Address Poisoning Attack Drains $24 Million aEthUSDC from Sillytuna-Linked Wallet

According to a PeckShield security alert, a cryptocurrency wallet associated with Sillytuna suffered an address poisoning attack on March 4, 2026, resulting in the loss of approximately 23.6 million aEthUSDC, valued at around $24 million. The transaction was confirmed in Ethereum block number 24585515. The victim mistakenly transferred all assets to what appeared to be a legitimate Aave V3 address, which was in fact a malicious address carefully crafted by the attacker.

The attack method is a typical case of "address poisoning." The attacker implants similar addresses in the victim's wallet transaction history, inducing them to copy and send funds. Once the funds are transferred, the system automatically converts the aEthUSDC to DAI and quickly transfers it to two main wallets controlled by the attacker, each containing approximately $10 million DAI, totaling $20 million.

Blockchain monitoring data shows that some of the funds have been transferred to the Arbitrum network via a cross-chain bridge, suggesting that the attacker is attempting to obscure the flow of funds through Layer 2 channels in preparation for subsequent money laundering. The remaining approximately $4 million may be used to pay Gas fees, bridging fees, or split into multiple small addresses to reduce the difficulty of tracking. Currently, no further outflow of funds has occurred from the two main wallets, but security agencies are continuing to monitor cross-chain movements.

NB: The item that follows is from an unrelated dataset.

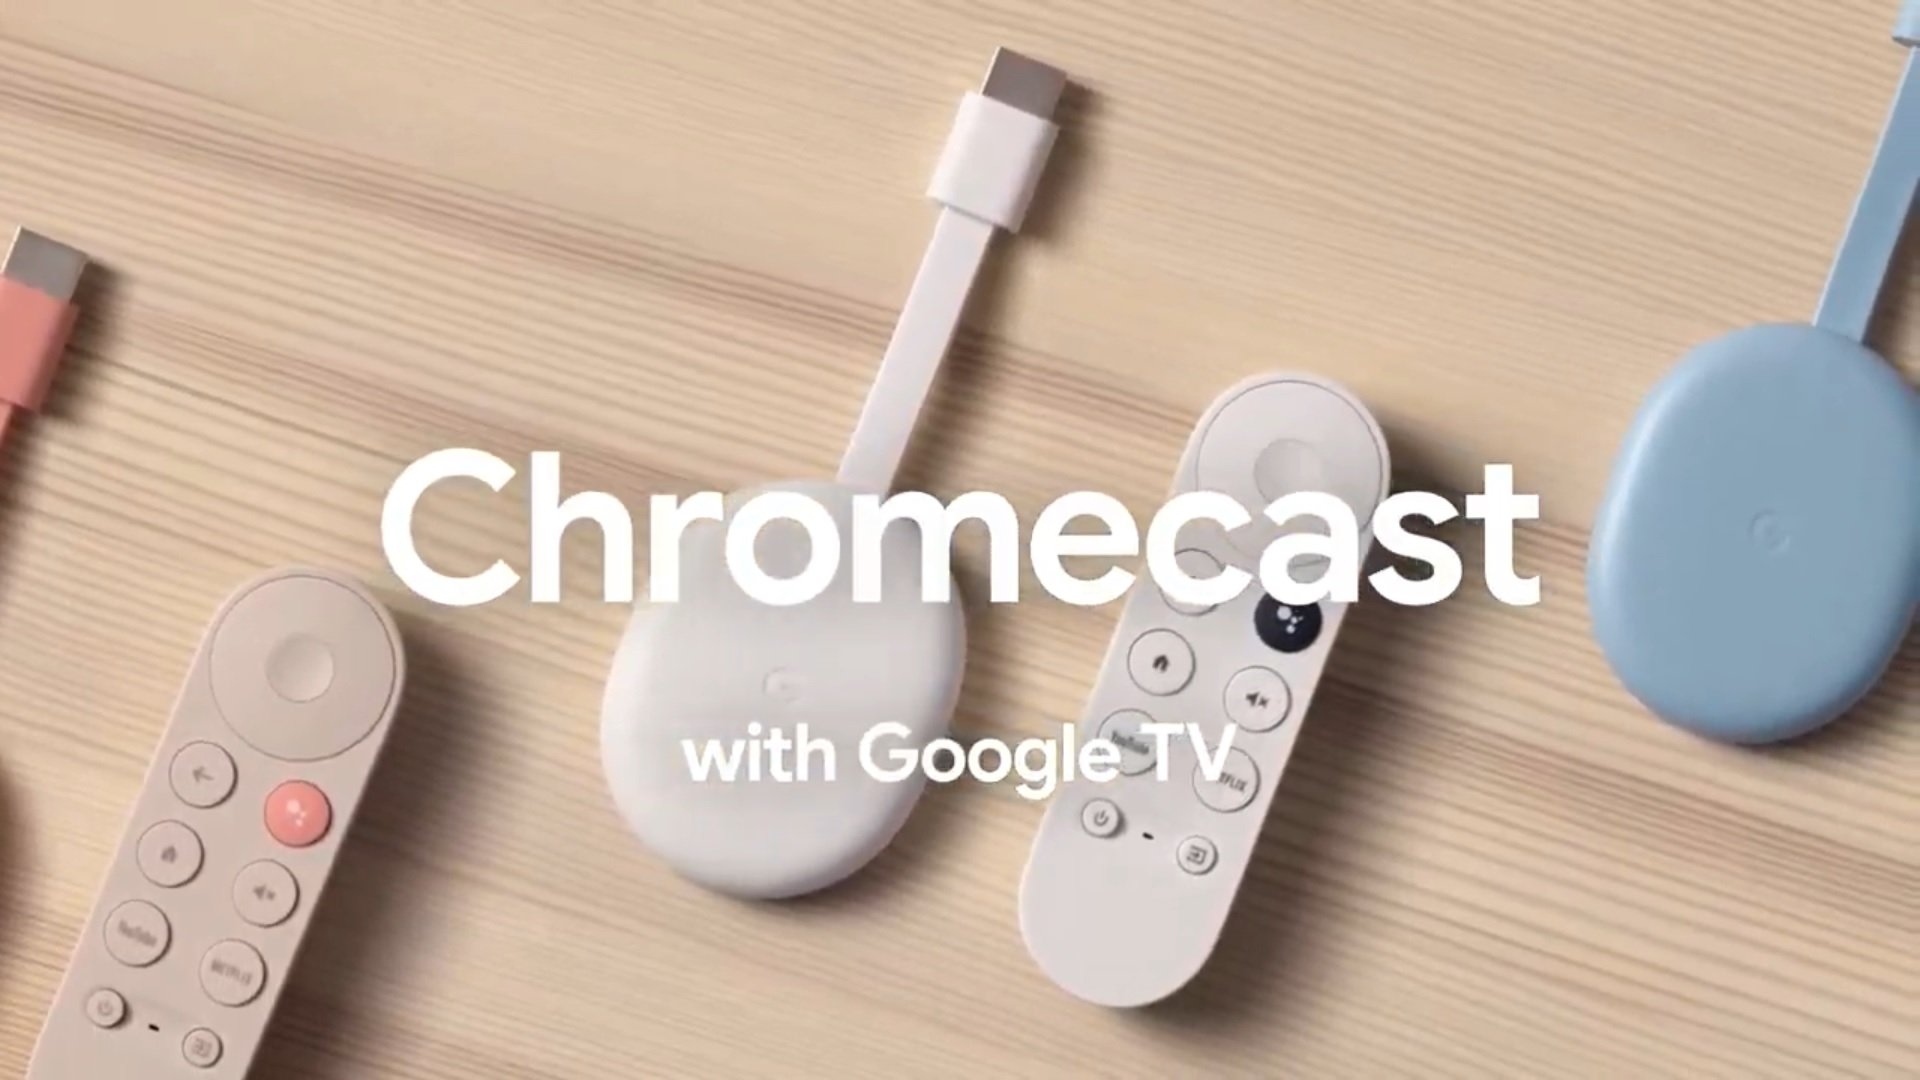 Google TV - Das neueste Produkt von Google, das eine verbesserte Benutzeroberfläche und zahlreiche Streaming-Optionen bietet.
Chromecast Ultra - Wenn du ein Google-Fan bist, bietet diese Chromecast-Alternative 4K-Streaming und schnelle Leistung.

This incident once again highlights the hidden nature and destructive power of address poisoning attacks in the decentralized finance (DeFi News) space. Users can suffer huge losses not due to private key leakage, but simply due to operational misjudgment. As of now, there is no public information regarding the identity of the victim or the progress of recovery efforts. This case serves as a warning to users to manually verify the recipient address before making any on-chain transfers, and to avoid relying on the auto-fill function of historical records.